Великий мистификатор, или В защиту Похлебкина ч. 4
Последний энциклопедист с трудным характером
«Характер определяет судьбу».
Гераклит Эфесский
«Если хама плетию — хам рад,
Ежели молебеном — хам зол".
А.Городницкий.
Вероятно, мировоззрение и интересы В.Похлебкина окончательно сложились в годы учебы. Трудно сказать однозначно, каковы были его убеждения.
Его принципы, личные качества зачастую замалчиваются или искажаются. Описывают его как некоего неформала, и даже называют чуть не диссидентом...
Когда-то я осторожно отметила, что он был марксистом. Но вряд ли человека таких аналитических способностей и независимого мышления можно с уверенностью причислить к сторонникам того или иного идеологического и философского течения.
Неуместны ярлыки.
Но кое в чем он был согласен с Марксом и Энгельсом. Маркс считал людей, сформированных крепостным правом, «плебеями-прохвостами», «а Энгельс, изучая русскую дореформенную и пореформенную экономику ХIХ века, прямо подчеркивал, что в России во второй половине ХIХ века уже не фигура помещика была доминирующей в деревне, а фигура плебея-прохвоста, который и обманывал помещика, и самым нещадным... образом эксплуатировал своих бывших братьев по классу, крестьян» (В.Похлебкин).
И далее.
Похлебкин считает, что слабохарактерность, мягкотелость, приспособленчество власти никогда не получат поддержки в народе: «Народ будет доверять всегда лишь строгому, решительному, жесткому, но справедливому в целом руководителю».
Советский социалистический строй в самом жестоком его воплощении – сталинизме – представлялся ему вполне приемлемым, но искаженным «на местах» исполнителями.
Так, он оправдывает объективными причинами голод 1946-47 г.г.
Когда Украина еще не оправилась от голодомора начала 30-х годов, он описывает становление и «кодификацию» советской кухни – в 1939-м вышла первая «Книга и вкусной и здоровой пище». Поскольку считал армян лучшими поварами, назначение А.Микояна главой пищевой промышленности понимал и одобрял.

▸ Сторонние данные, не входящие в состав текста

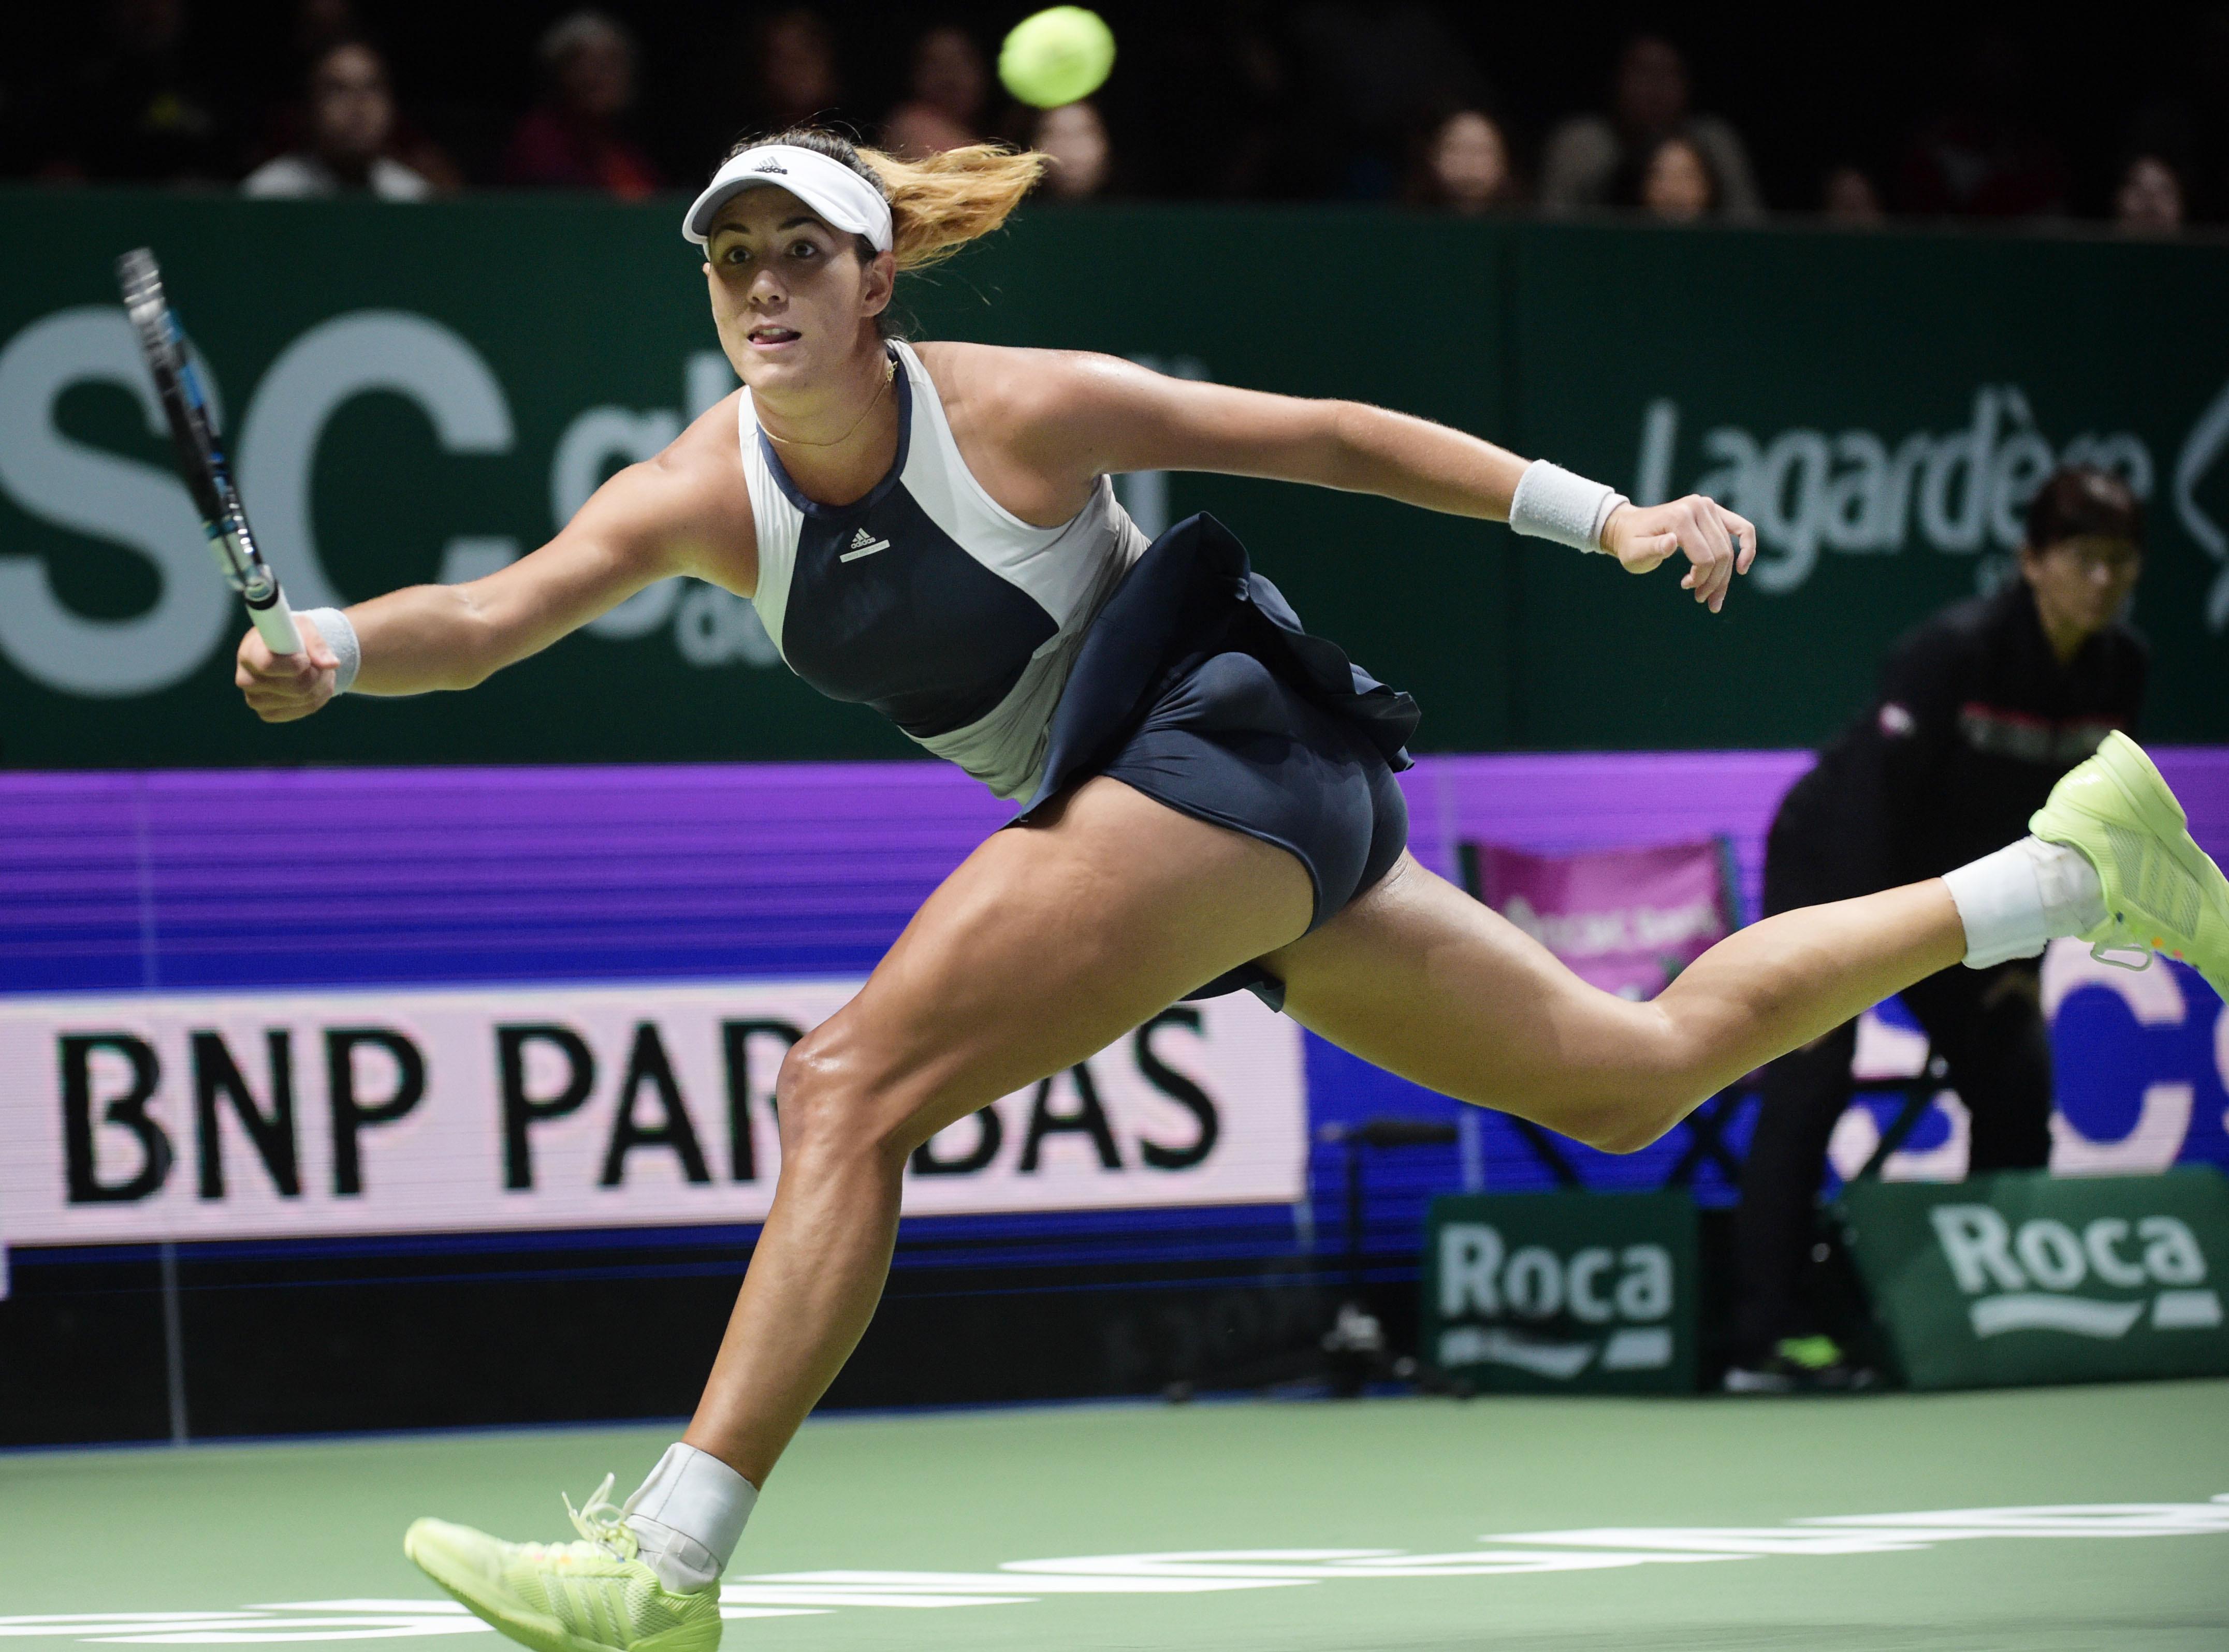 Garbine Muguruza of Spain makes a forehand return against Petra Kvitova of the Czech Republic during their singles match at the WTA tennis finals in Singapore on Friday, Oct. 30, 2015.  (AP Photo/Joseph Nair)

Полагал, что слухи о преследовании священников и разграблении церквей преувеличены Западом...
С полным пониманием воспринимает постановление ЦК ВКП(б) от 14 августа 1946 г. о журналах «Звезда» и «Ленинград», сокрушаясь, что классовая борьба велась под псевдонимом «литературной»...
Невысокого мнения В.Похлебкин был о российском населении, о народе. Потому что прекрасно понимал, вслед за Марксом-Энгельсом, губительное влияние крепостного права на людей, что передавалось из поколения в поколение. Наособицу он выделял людей северных, крепостного права не знавших – они были другие.
Рабская психология – то, с чем так часто мы сталкиваемся сегодня, не осознавая этого. А достаточно копнуть глубже – так поступил В.Похлебкин.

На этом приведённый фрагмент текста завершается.